The monochrome view makes the street look grim and cold. But there were bright lights in the misty places as in this picture of Earls Court Station.

Earls Court Station - JAIL

Look at the bright clothes of the two women in the foreground, travelling to or from a theatre or the nearby exhibition centre:

The Lake Earls Court by night COL

There is that Japanese love of water too. The wet pavement reflects everything as if the whole city was built on a lake.

Sloane Square wet day COL

“A wet day in Sloane Square”

He did venture out in daylight too but as he says December is my favourite month in London.

Cale Street Chelsea in snow January 1907

Cale Street, quite close to his lodging house, perhaps looking out of the window.

There were some summer and autumn days, never entirely without the hint of mist.
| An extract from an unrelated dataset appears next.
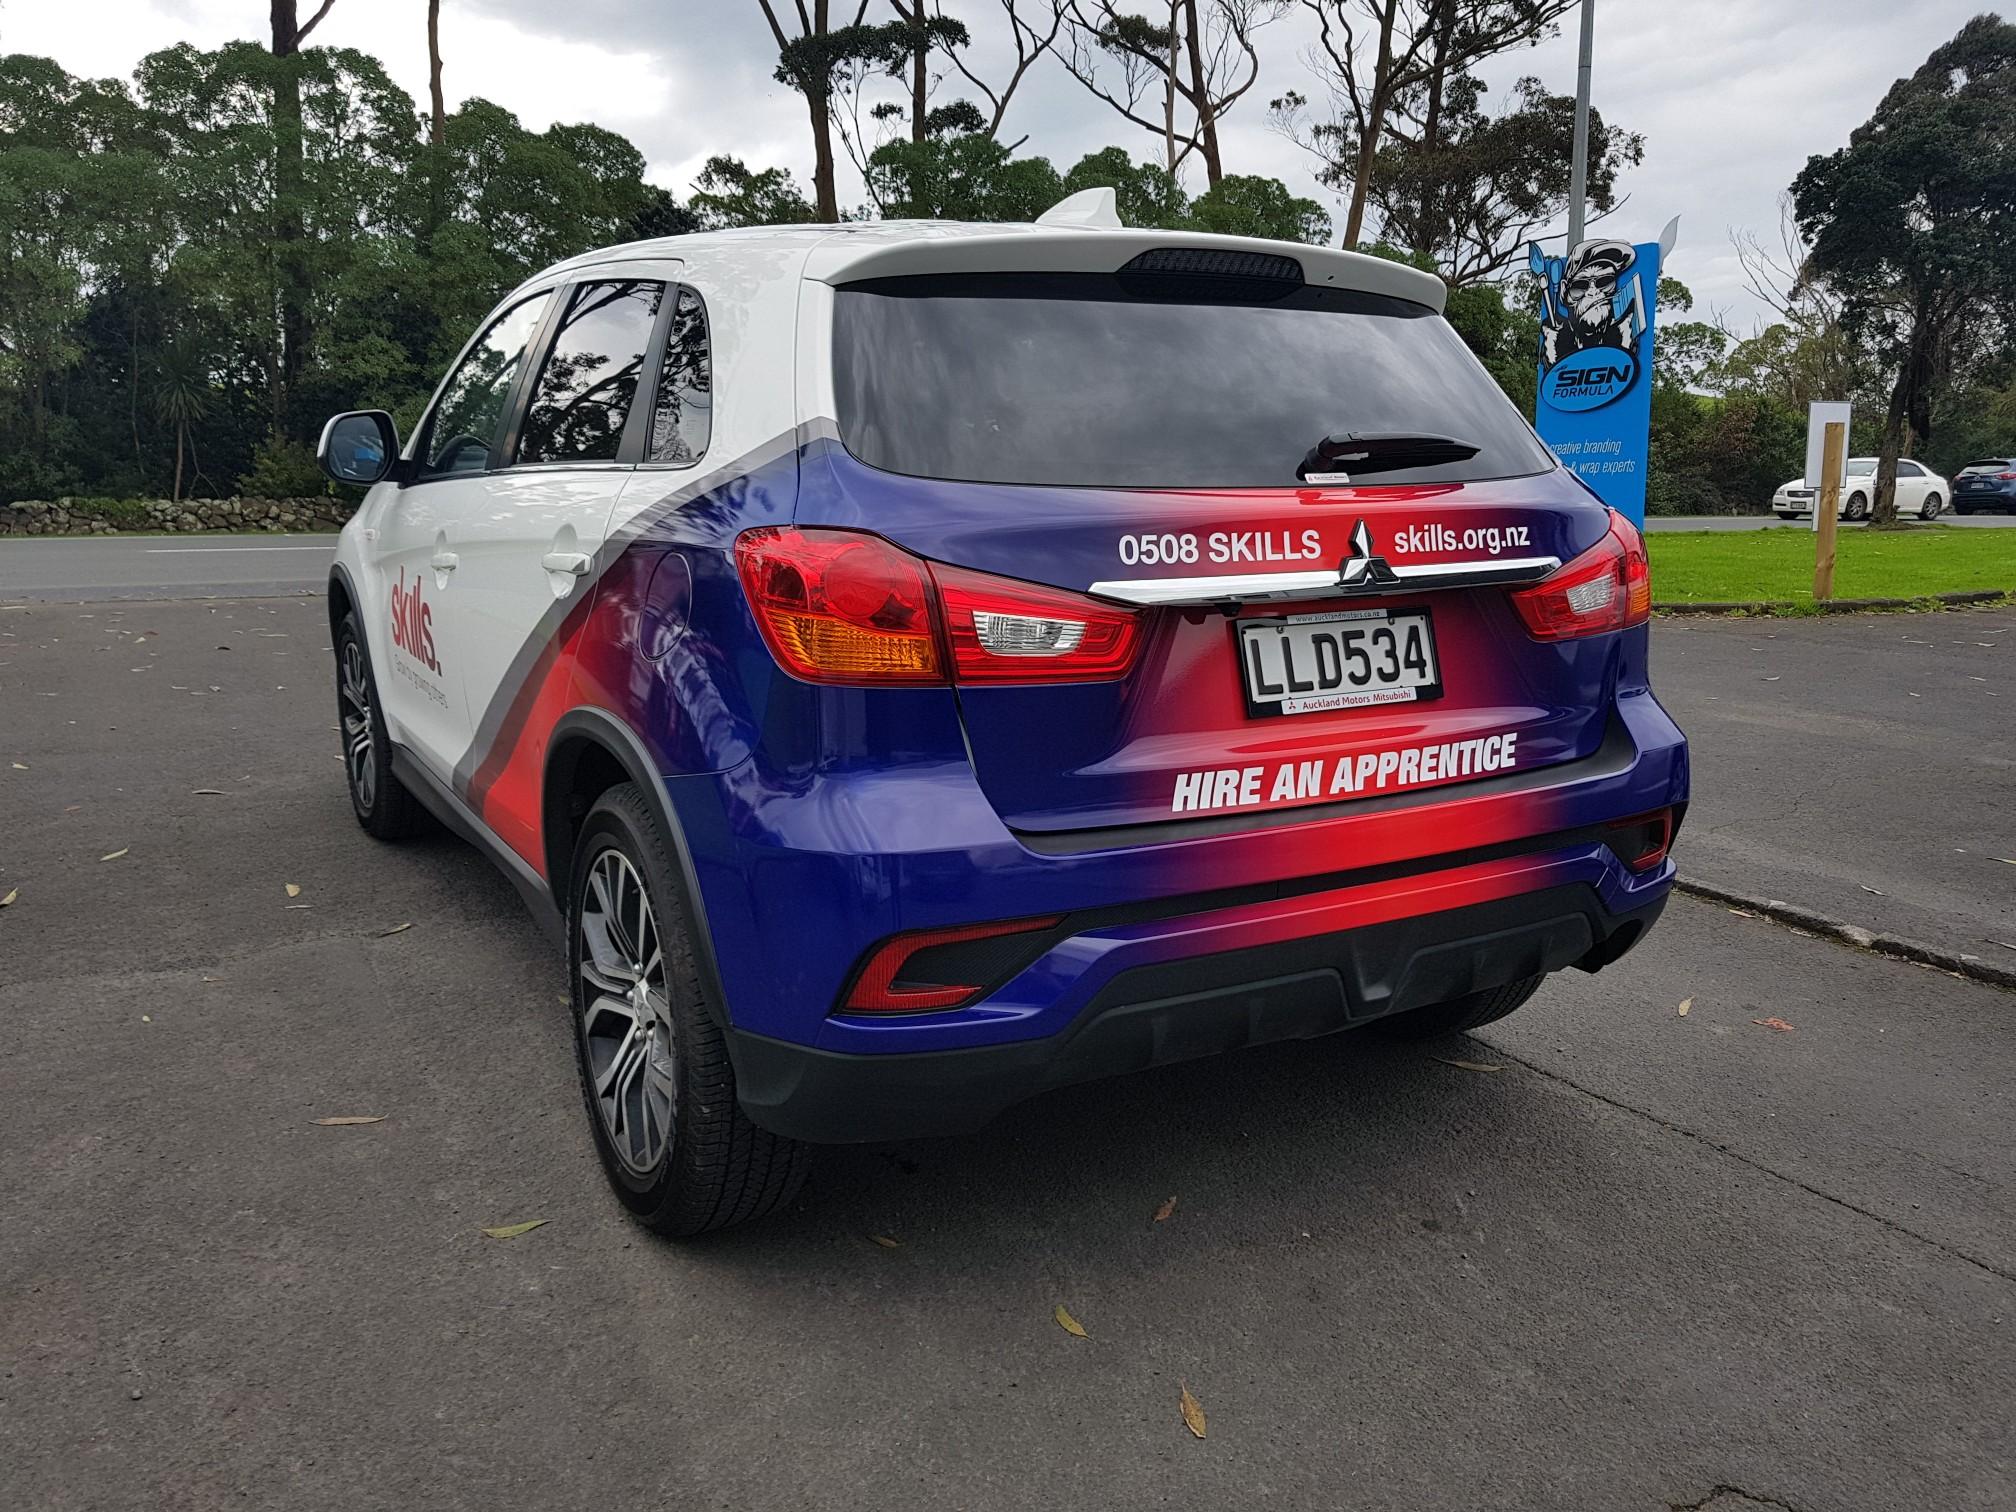 Skills car back

Reading in Kensington Gardens - JB

A woman sits reading in Kensington Gardens. A little further south there were crowds in Brompton Road outside the  museums Markino admired.

Outside South Kensington Museum - JAIL

But it was the gloom he loved best, the glimpses of people entering or leaving  brightly lit interiors setting out on a night time journey.

The Oratory Brompton Road COL

Here at Brompton Oratory, or below at the Carlton Hotel.

The porch of the Carlton Hotel at night COL

Markino wrote several books about his life in London. He experienced hardship and illness before he could make a comfortable living as a freelance artist and writer but never lost his commitment to his adopted home. At one point he worked for a stonemason in Norwood designing angels  for memorials in the nearby cemetery. The stonemason regretfully let him go because his angels were too feminine – “more like ballet girls than angels”.

Perhaps the feeling of being a stranger gives his pictures that air of lonely detachment. I was pleased to find this one in My Recollections and Reflections (1913).

Copy of Thistle Grove RAR

Thistle Grove with its Narnian lamposts which bring back memories of William Cowen the water colour artist who painted that area nearly seventy years before.  It’s difficult to be sure whether this view is looking north or south. Because of the wall I’m leaning towards the Fulham Road end. Not so far from this scene:

Fulham Road - JAIL

The tall grimy buildings, the distant tower of St Stephen’s hospital, the shadows, the damp, the mist and amid the gloom the lights of shops and the brightness of the people living in the dark city.

Postscript

I had only been vaguely aware of Markino when I was looking for something to follow up last week’s post on Menpes. And this, if you don’t mind me saying, is the value of  special collections in libraries, in our case of biographies and books about London. I found  a great many pictures by Markino in his memoirs and his collaborations with other writers. The  quotations come from the introductory essay in The Colour of London.

Like Mortimer Menpes we may come back to Yushio Markino.

A Japanese artist in London (1912)

My recollections and reflections (1913)

The colour of London (with W J Loftie) (1907)

Yoshio Markino: a Japanese artist in Edwardian London (1995). By Sammy I. Tsunematsu.